Indeed, we see that Mary and Jan prove just as condescending as Mr. and Mrs. Dalton, even though they ascribe to radical political and social views and make a genuine effort to understand racial problems in America. Mary and Jan enjoy an odd yet titillating satisfaction from the act of eating at a Black restaurant with Bigger. We get the sense that breaking social barriers is a sort of game to them. Though Mary and Jan want to experience Black life, they do not even come close to an understanding of its most horrific aspects—the frustration and hopelessness Bigger feels every day. Like the Daltons, Mary and Jan remain blind to the social reality of what it means to be Black. For a moment, it seems that Mary may recognize her blindness to Bigger’s feelings. She weeps because she is ashamed that she has pushed Bigger against his will. Jan, however, lacks the sensitivity to recognize that he and Mary have placed Bigger in an awkward position, so this small window of understanding is quickly closed.

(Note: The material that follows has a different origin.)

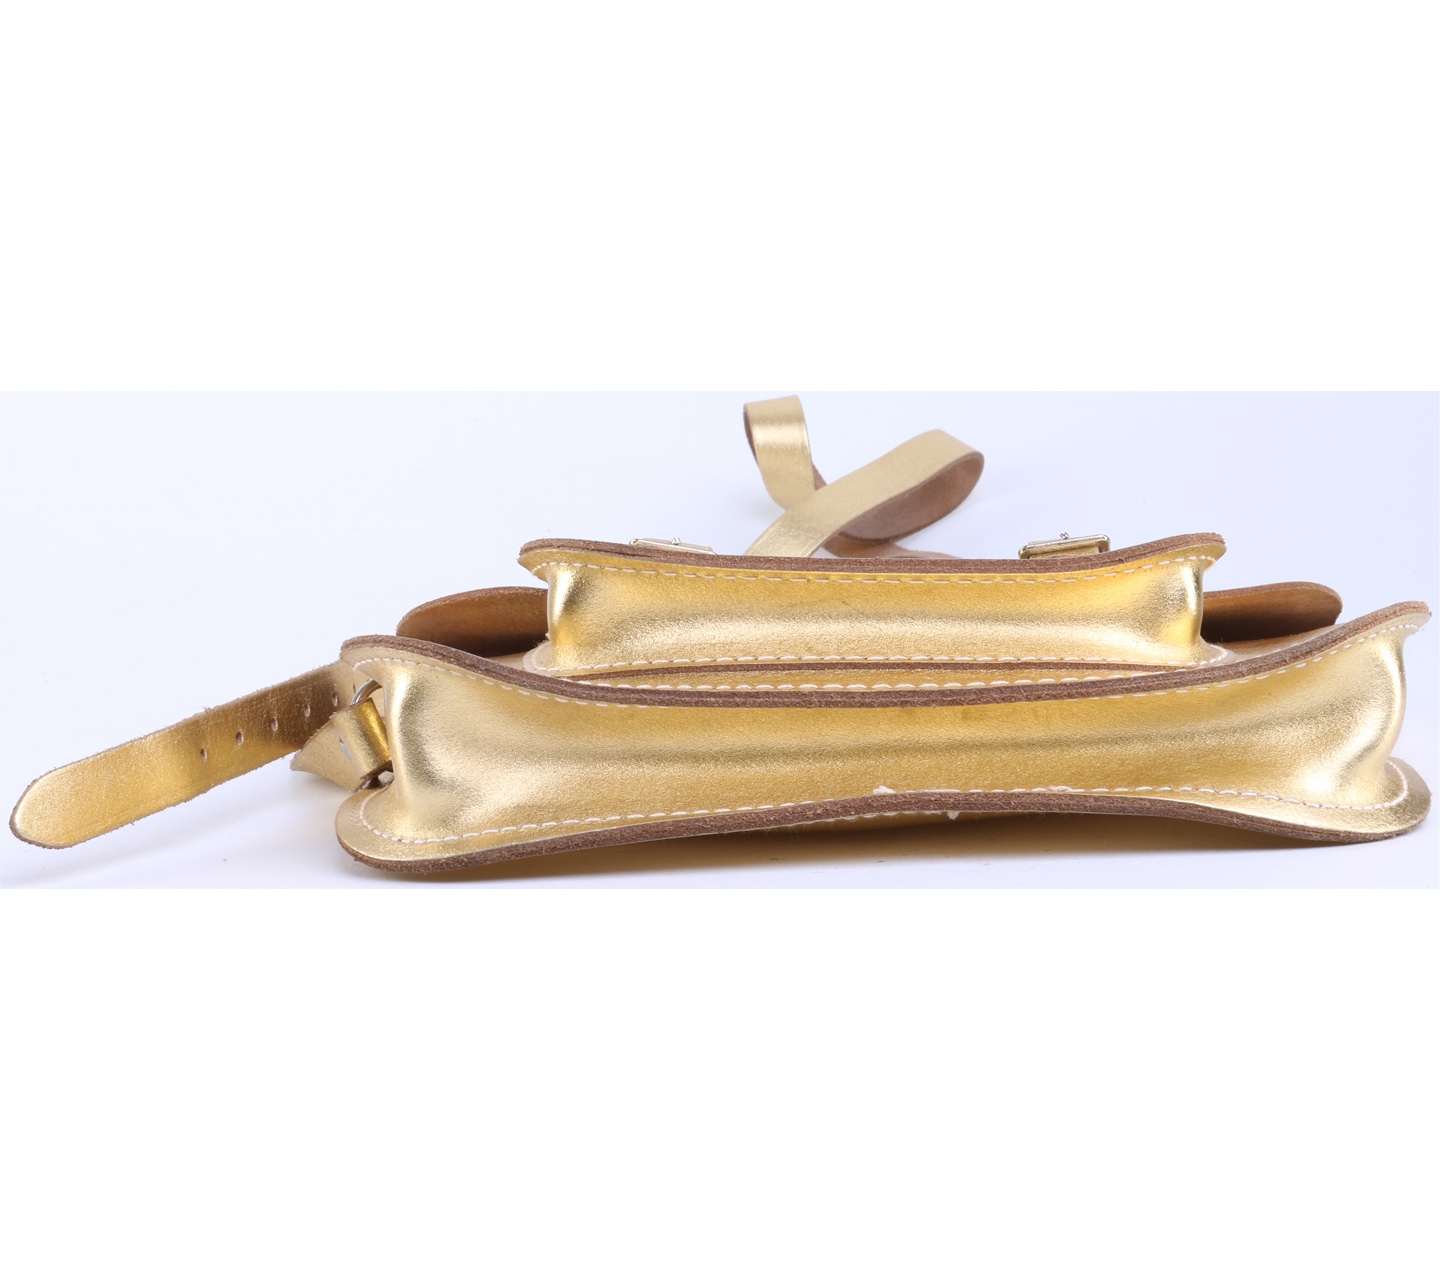 The Cambridge Satchel Company Gold Sling Bag

When Bigger finds himself in Mary’s room, he knows he has breached the most explosive racial rule—the sexual separation between Black men and white women. As Bigger puts Mary to bed, he becomes excited and aroused. This excitement comes not so much from the fact that Mary is physically attractive, but from his knowledge that she is forbidden to him. When Bigger feels Mrs. Dalton’s ghostly presence in the room, he is reminded of the whiteness that controls his life, and is overcome by the magnitude of his transgression. Should Mrs. Dalton discover him, the horrible fate he has always expected for himself would surely be sealed forever. Bigger once again finds his skin color trapping him in a situation in which the only option proves to be fatal.

Bigger’s disposal of Mary’s body is brutal, and Wright spares none of the gruesome details. Wright does not want Bigger to be seen as a traditional hero, but instead wants to emphasize the extreme pain and rage Bigger feels, which make him capable of such a terrible act. By explicitly describing Bigger’s act of decapitating Mary’s body, Wright shows that his protagonist is not a moral innocent. Racism has destroyed Bigger’s innocence, awakening within him the capability to murder.